Roma, 8 sep (EFE).- Italia saltará mañana al césped del estadio
Olímpico de Turín con la intención de dejar ya a Bulgaria fuera de
toda opción, además de no complicarse su clasificación para el
Mundial de Suráfrica antes del partido decisivo frente a la Irlanda
de Giovanni Trapattoni, que disputarán en octubre.
Tras cumplir con el expediente en Georgia, el pasado sábado
(0-2), los pupilos de Marcello Lippi buscarán deshacerse del tercero
en disputa por la primera plaza en el grupo 8: la Bulgaria del
delantero del Manchester United Dimitor Berbatov, que en los últimos
días se ha mostrado muy motivado ante este encuentro.
De momento, Bulgaria no amenaza las aspiraciones italianas ya que
entre las dos selecciones median seis puntos. Pero una derrota en
casa podría complicar mucho las cosas para los "azzurri", sobre todo
ante el partido que les enfrentará a Irlanda en Dublín, el próximo
10 de octubre.
Si, como ha repetido Berbatov en varias ocasiones, Bulgaria "es
capaz de batir a Italia", dejarían a los irlandeses a sólo un punto
del liderato del grupo y ellos mismos se acercarían peligrosamente,
con seis puntos aún en disputa para las tres selecciones.

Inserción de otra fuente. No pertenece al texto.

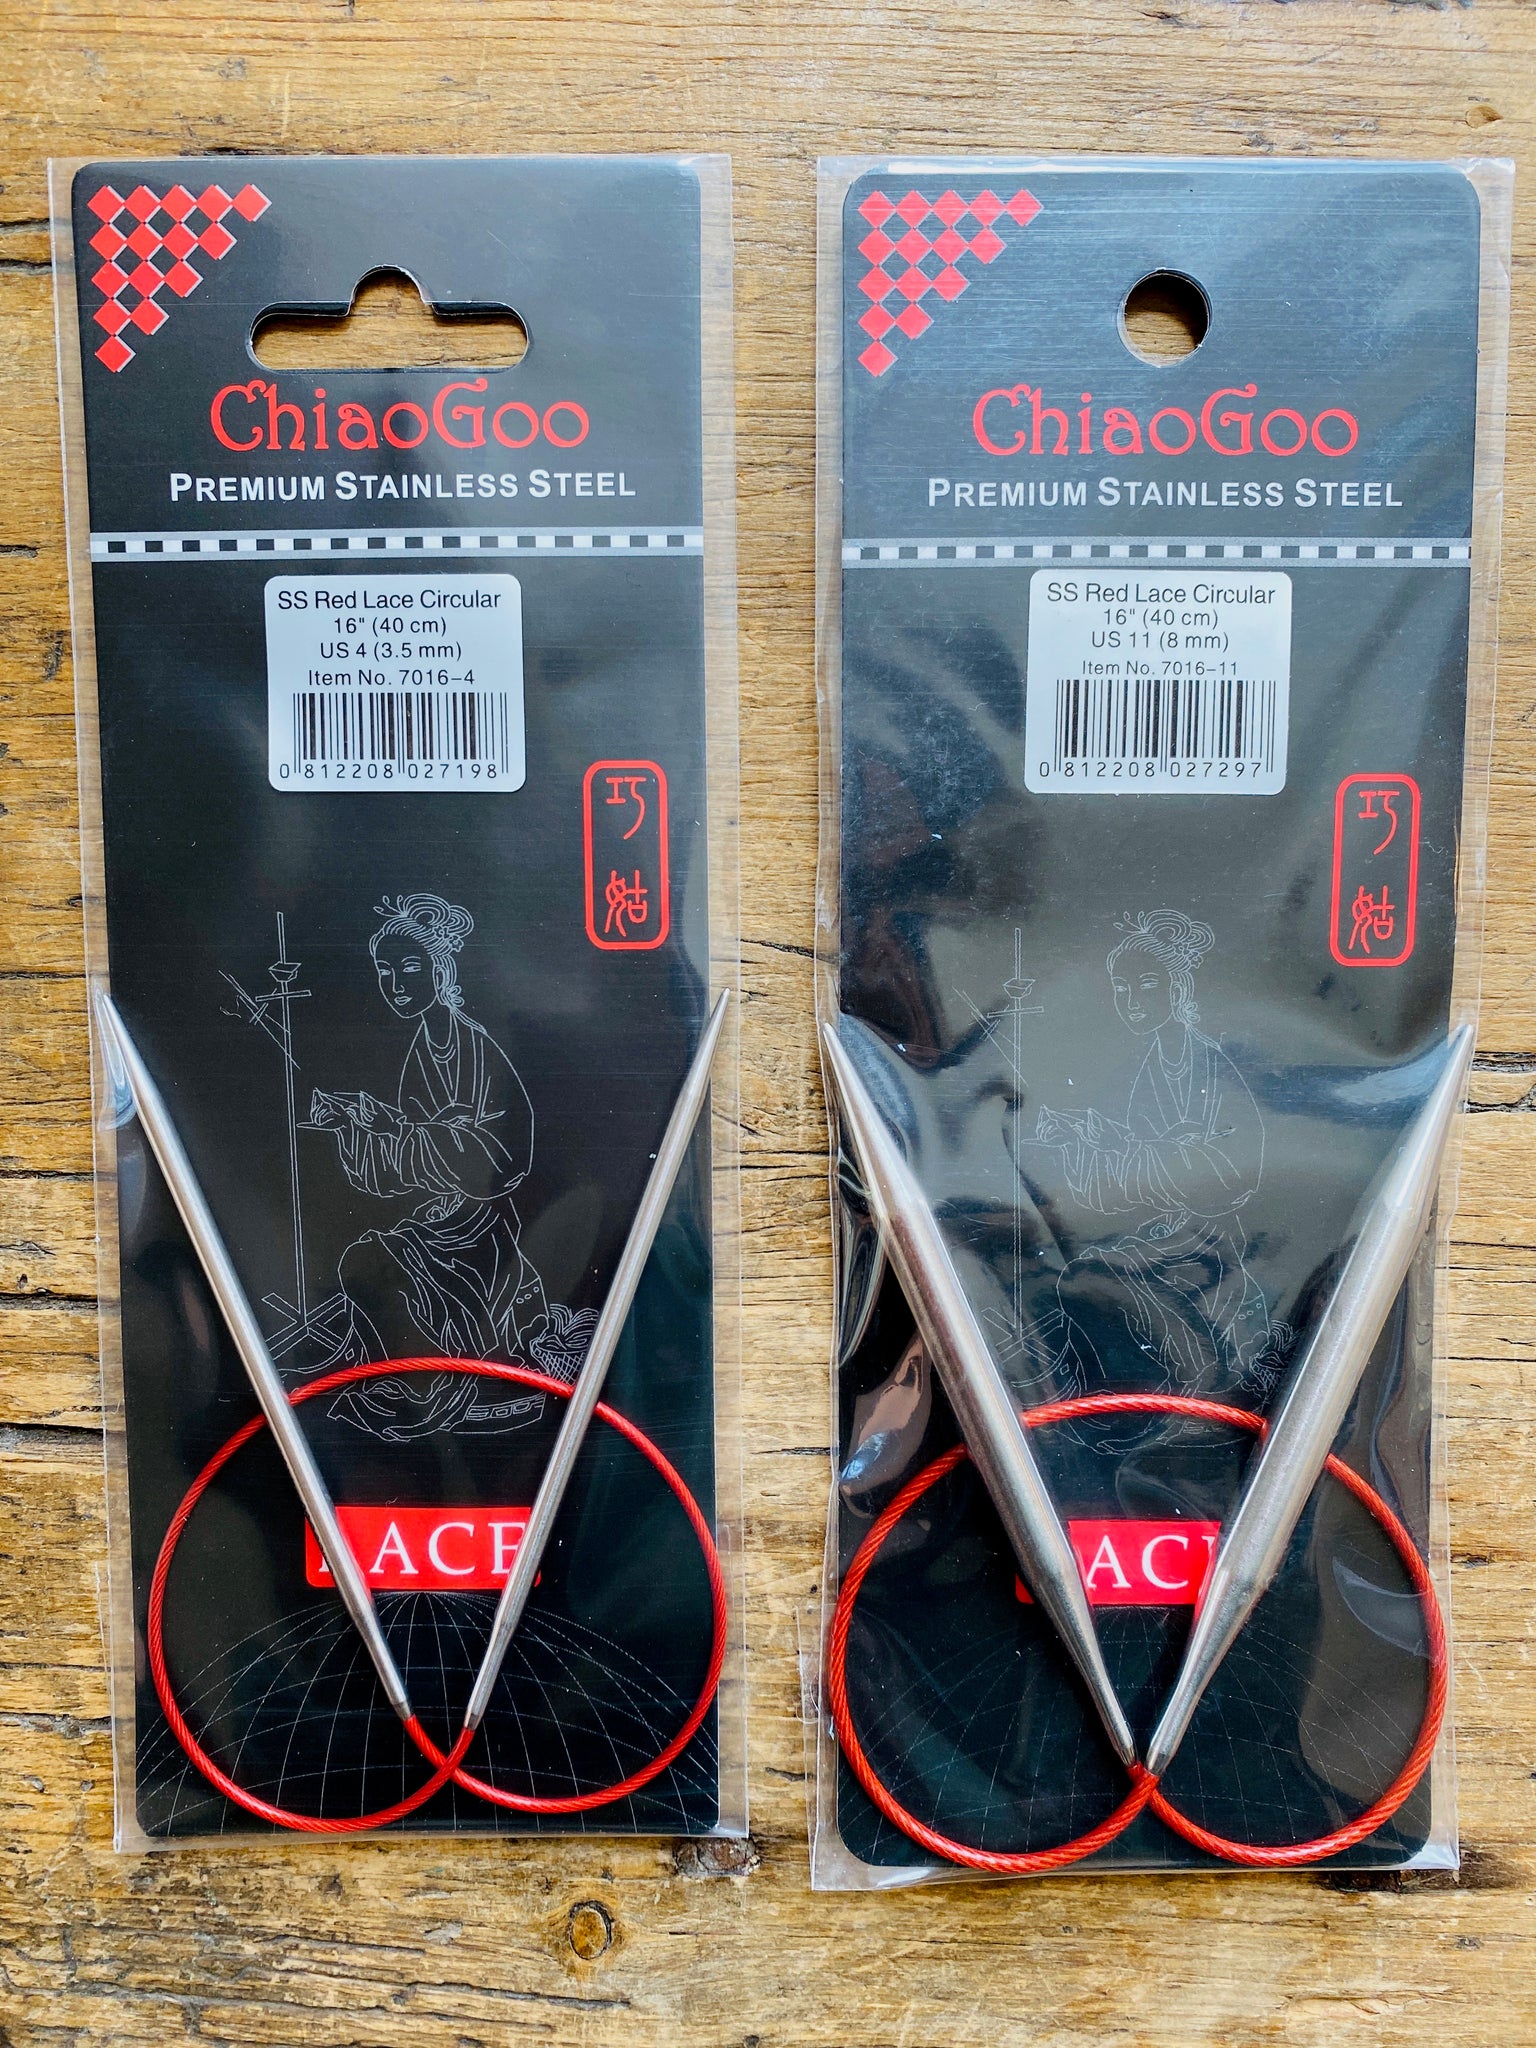 ChiaoGoo Knitting Red Lace Needles Size 24"

Curiosamente, una victoria supondría un pase casi seguro al
Mundial, ya que Italia se pondría con 20 puntos, cuatro más que
Irlanda (con igual número de partidos jugados); una distancia que se
antojaría difícil de remontar máxime cuando los transalpinos jugarán
el último partido en Parma contra la modesta Chipre.
Un empate mañana, en cambio, abriría el abanico de posibilidades.

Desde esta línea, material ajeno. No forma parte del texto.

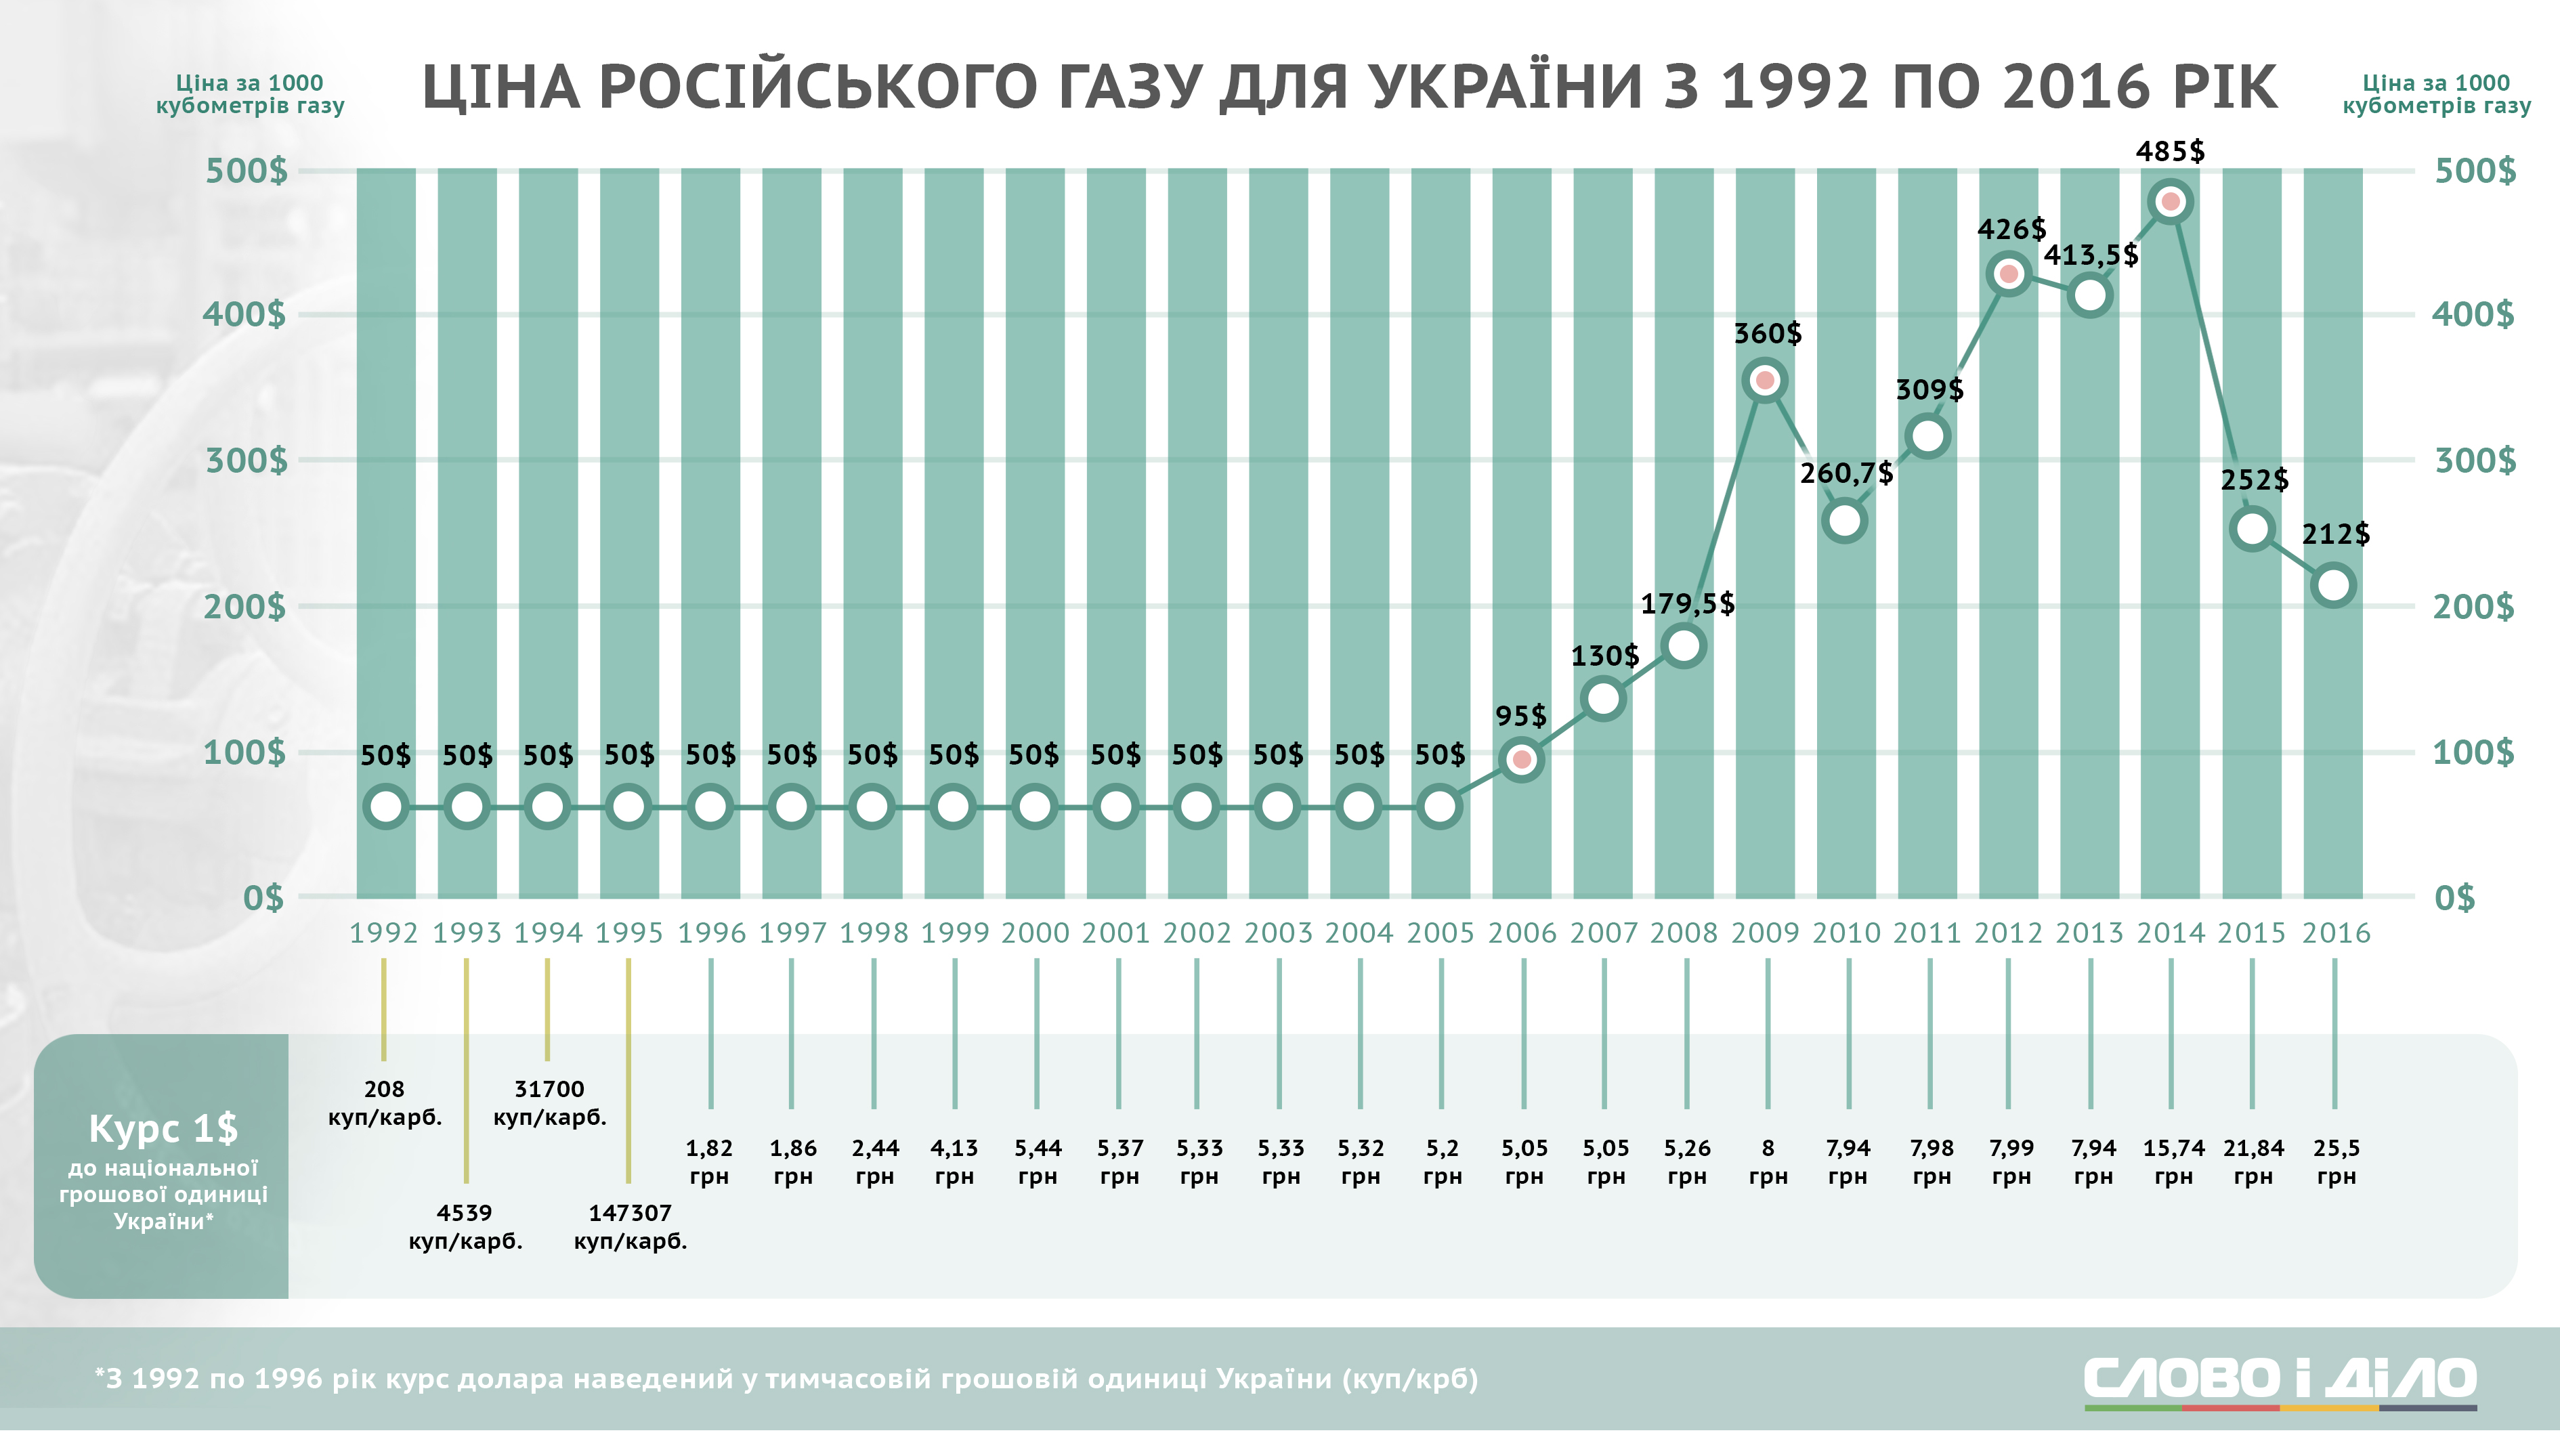 Сколько газа в украине. Стоимость газа для Украины по годам. Динамика цен на ГАЗ В Украине. Цена на ГАЗ для Украины по годам. Динамика цен на ГАЗ по годам в Украине.

Para desbaratar los planes búlgaros, Lippi vuelve a contar con el
centrocampista del Roma Daniele De Rossi, que se perdió el partido
contra Georgia por suspensión, y con los juventinos Claudio
Marchisio y Fabio Grosso, que vendrán a reforzar, respectivamente,
el centro del campo y la defensa.
Pero el seleccionador italiano pretende dar mayor mordiente a la
delantera, después de que en Tiflis fuera el milanista Kakha Kaladze
quien marcara los dos goles de la victoria "azzurra", en propia
meta.
Para ello aprovechará sus nuevos recursos, ya que la presencia de
De Rossi permitirá que Andrea Pirlo juegue más arriba. El retorno de
Marchisio hará que Mauro Camoranesi vuelva a su posición natural, la
banda derecha.
Además, alineará al delantero del Fiorentina Alberto Gilardino,
que hará pareja en el ataque con el punta del Villarreal Giuseppe
Rossi o con el del Juventus Vincenzo Iaquinta.

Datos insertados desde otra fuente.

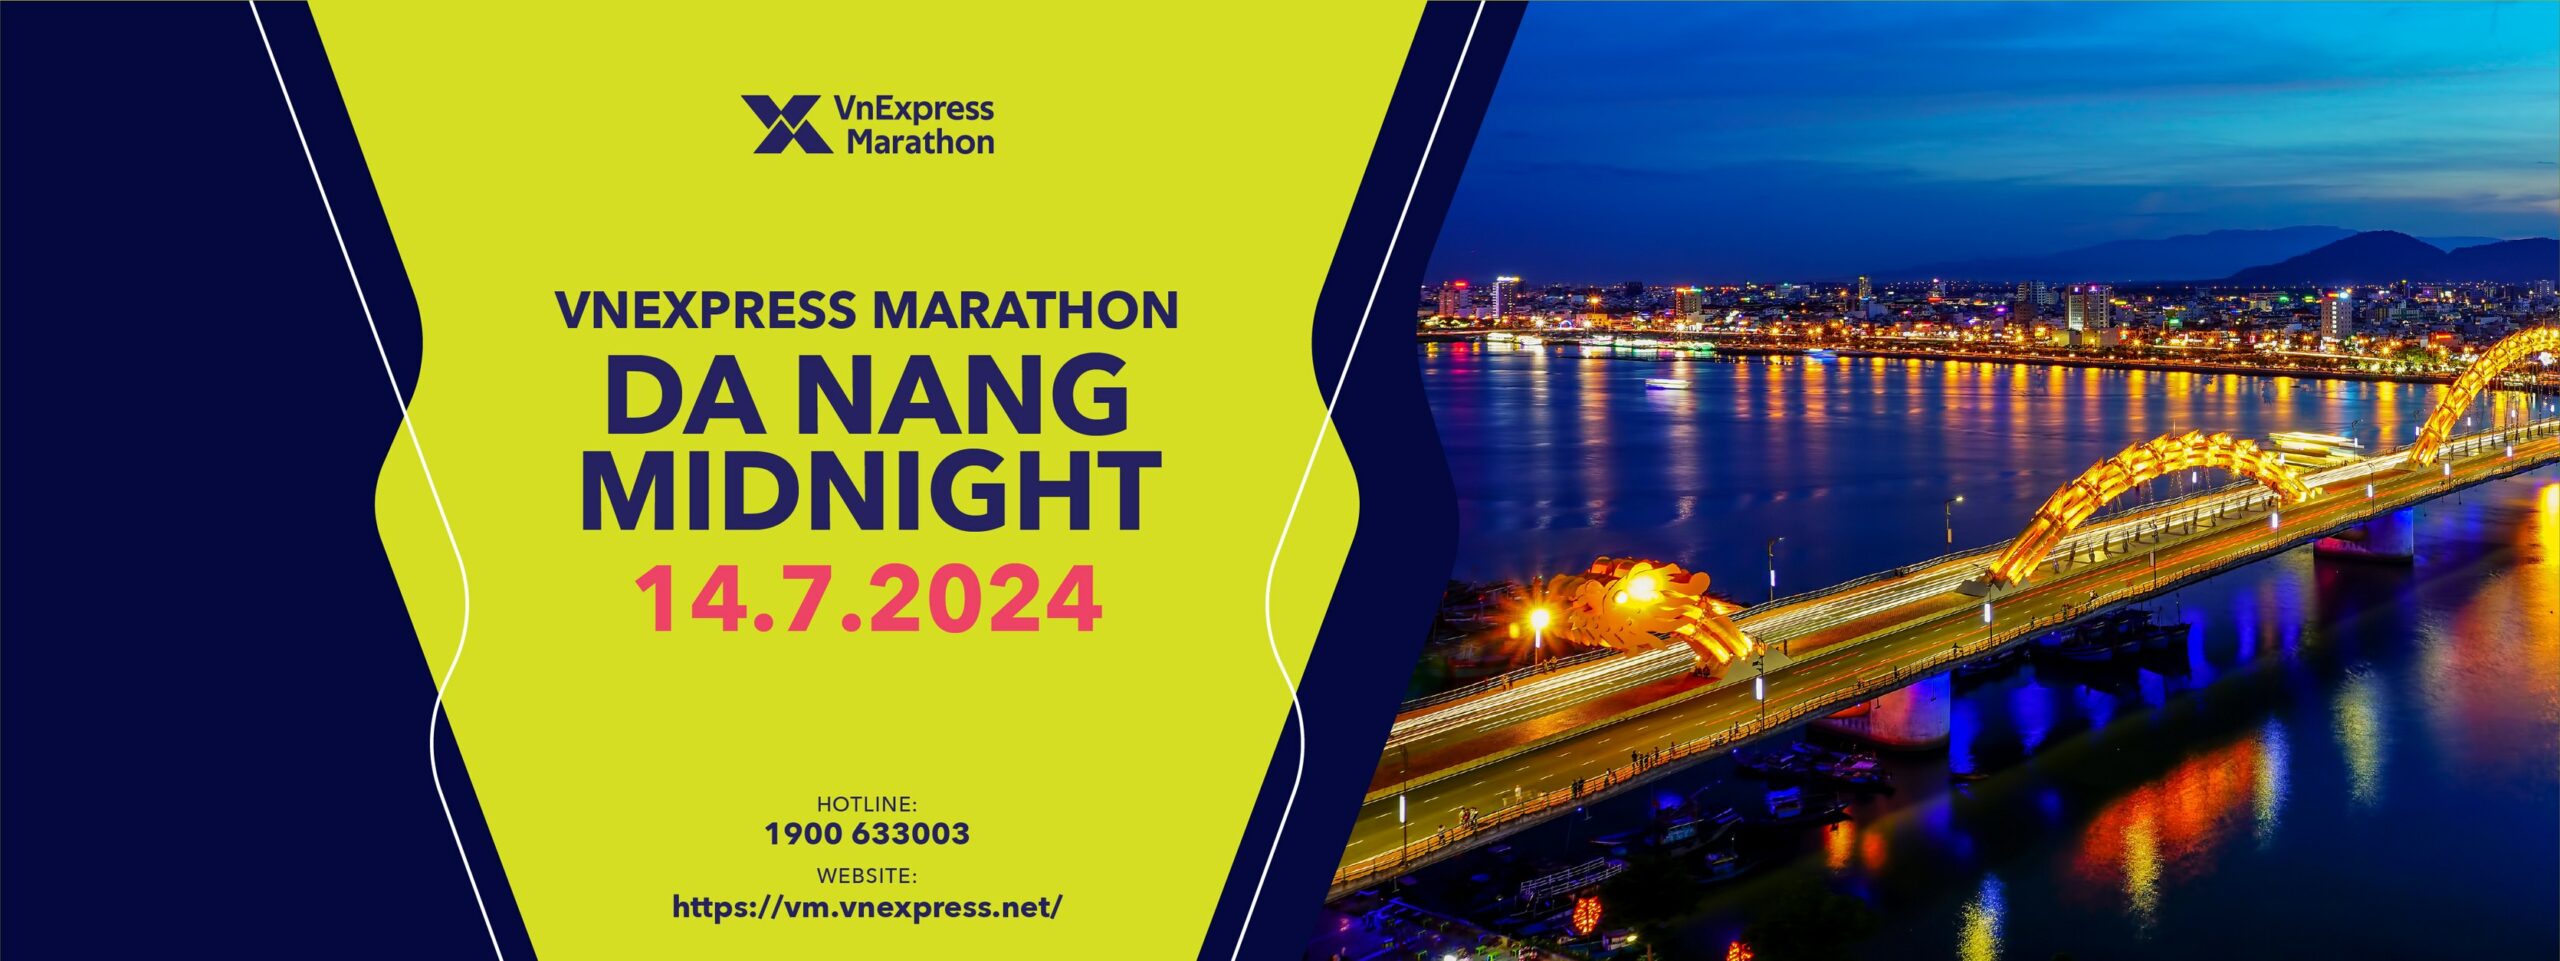 VnExpress Marathon Da Nang Midnight 2024

Pero lo que Italia intentará aprovechar, sin duda, es el factor
campo; con un estadio entregado a su seleccionador, que entrenó al
equipo de casa, el Juventus, durante ocho años, y ganó con él su
última Liga de Campeones.
Y para agradar más al público del Olímpico, Lippi podría salir al
terreno de juego con hasta siete jugadores del actual Juventus:
Buffon, Cannavaro, Chiellini, Grosso, Marchisio y Camoranesi son
titulares indiscutibles, mientras que Iaquinta podría saltar al
campo desde el principio o hacerlo en la segunda parte.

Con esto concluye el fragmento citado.